Prompt —
Exclude all pictures from your copy of the data below, which should otherwise match exactly.

[Raw data — start]

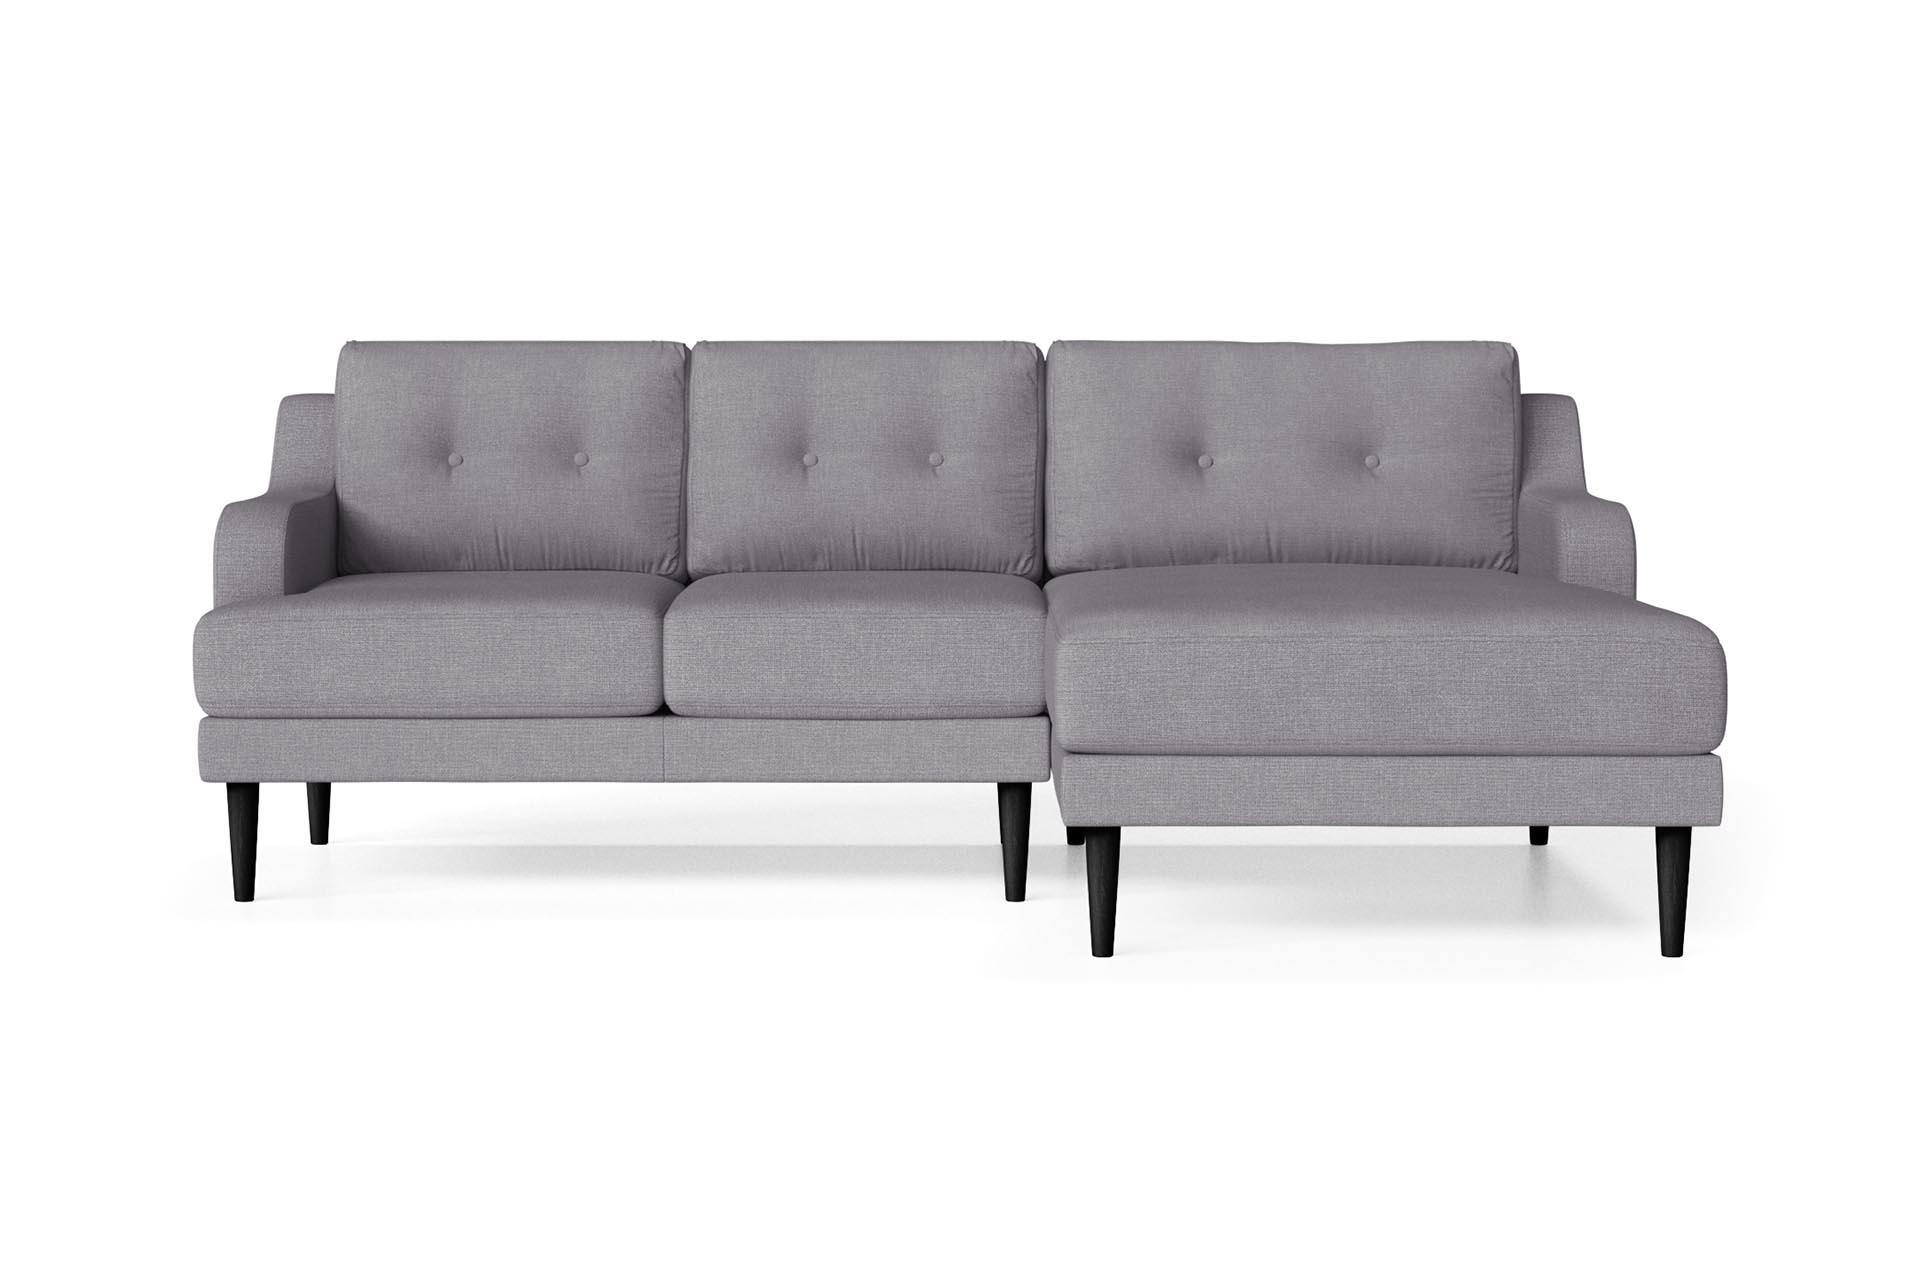 Canapé d'angle droit 4 places toucher lin gris
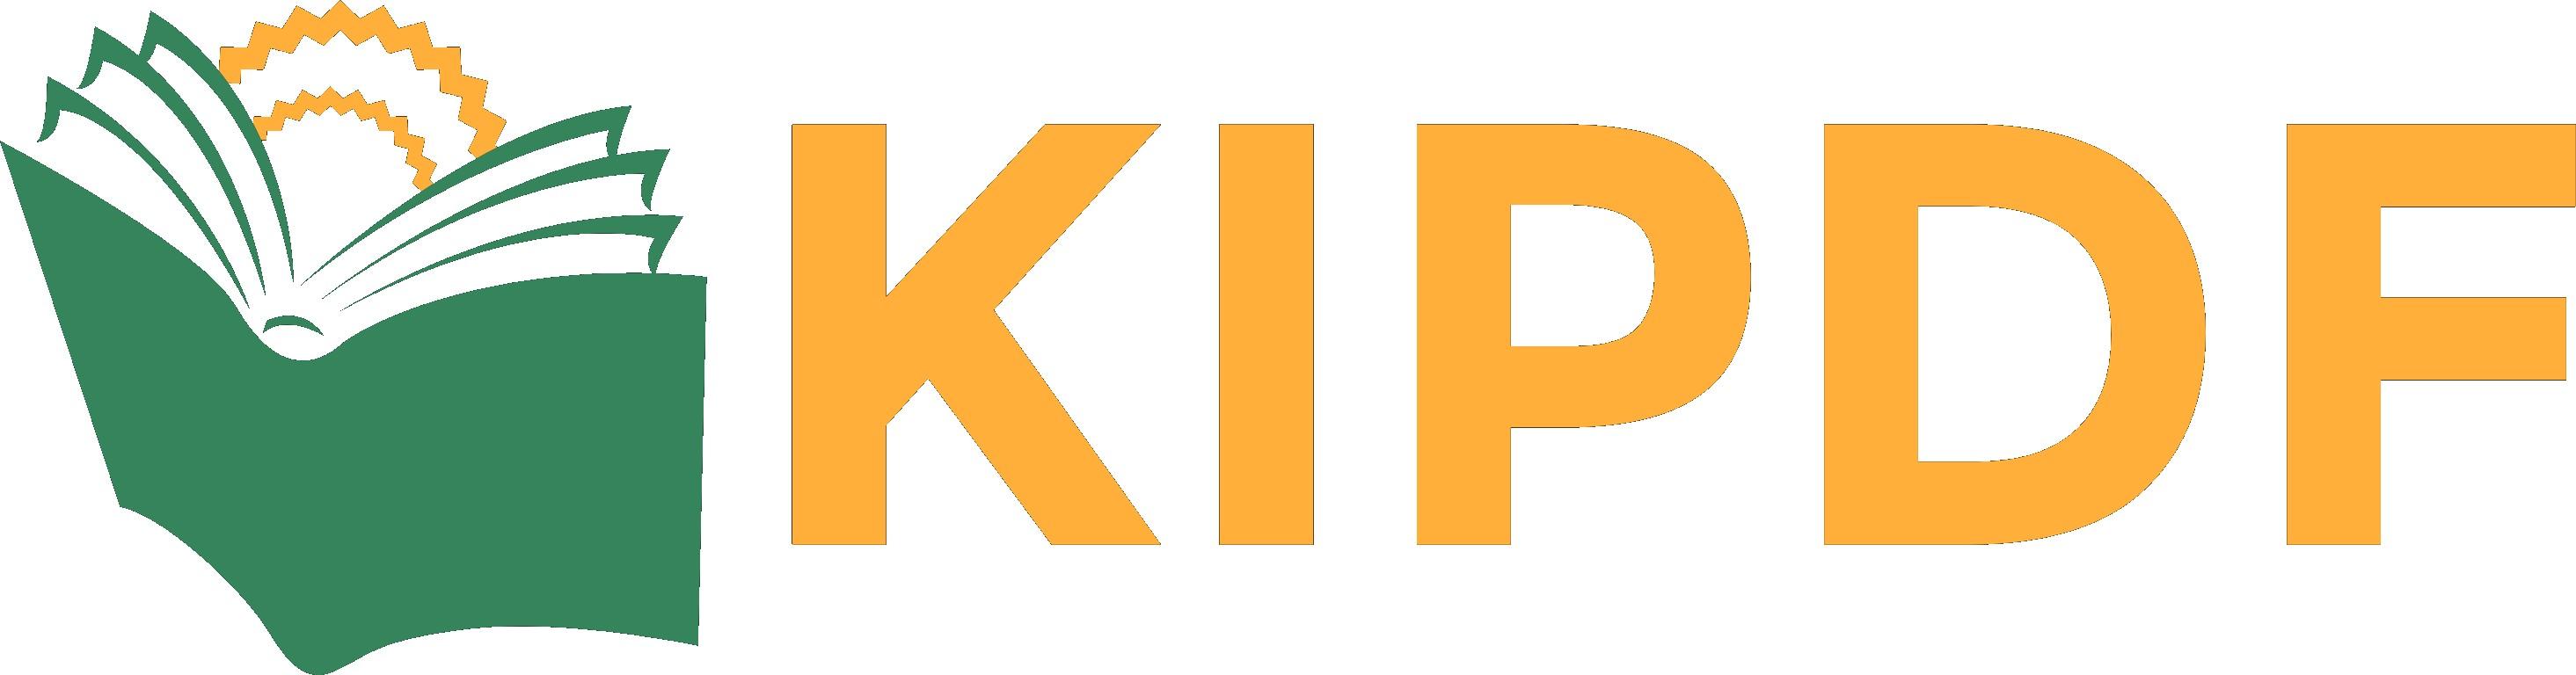 kipdf logo
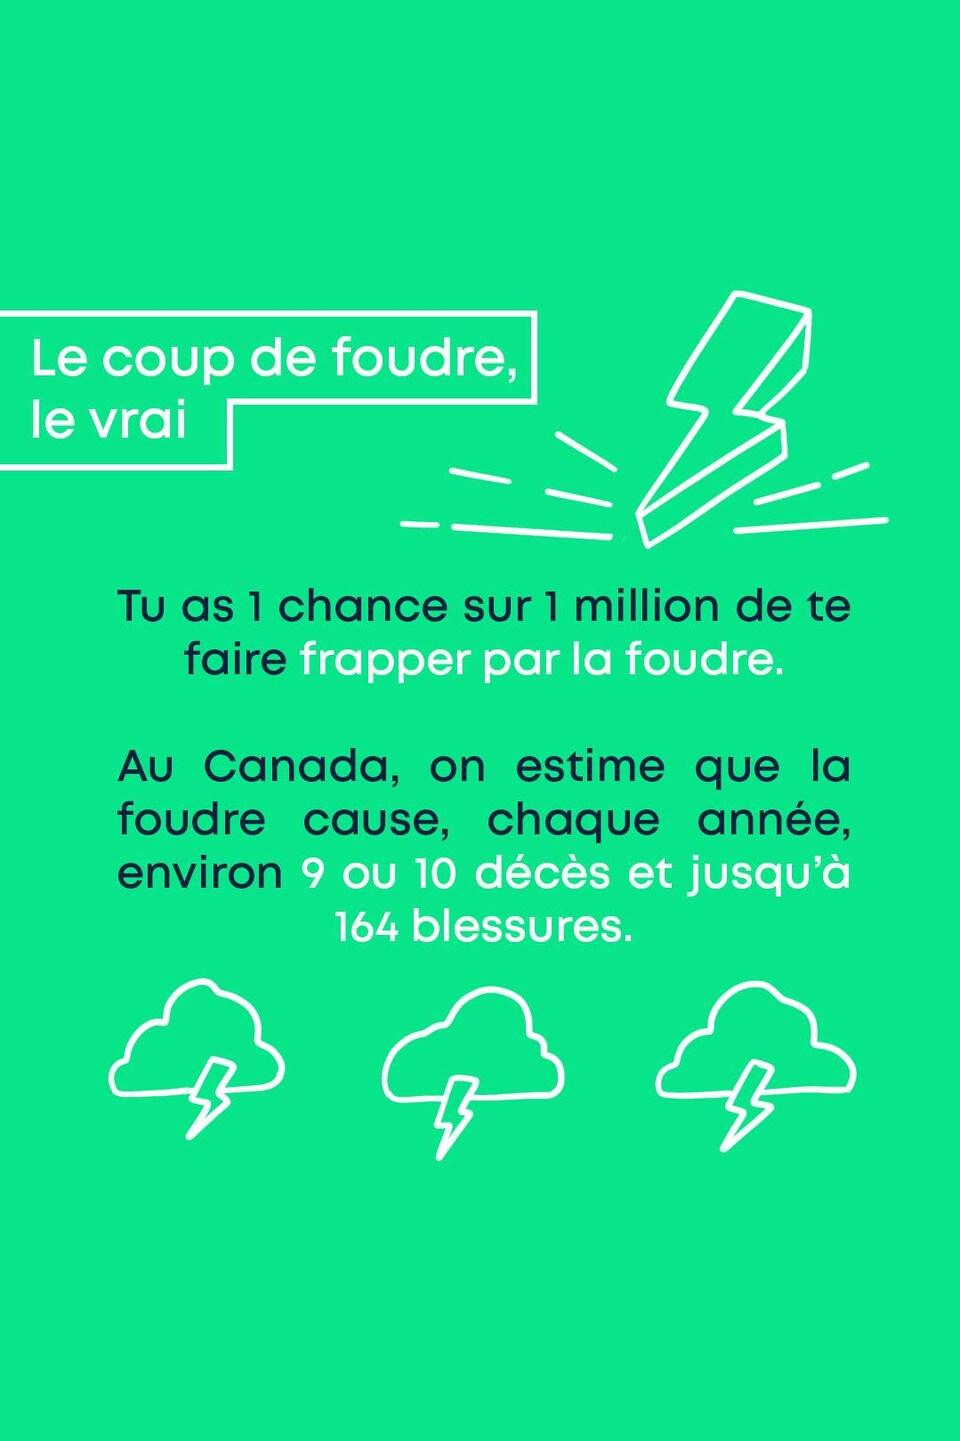 Le coup de foudre, le vrai : Tu as 1 chance sur 1 million de te faire frapper par la foudre. Au Canada, on estime que la foudre cause, chaque année, environ 9 ou 10 décès et jusqu'à 164 blessures.

[Raw data — finish]

Completed exercise —
 Canapé d'angle droit 4 places toucher lin gris
 kipdf logo
 Le coup de foudre, le vrai : Tu as 1 chance sur 1 million de te faire frapper par la foudre. Au Canada, on estime que la foudre cause, chaque année, environ 9 ou 10 décès et jusqu'à 164 blessures.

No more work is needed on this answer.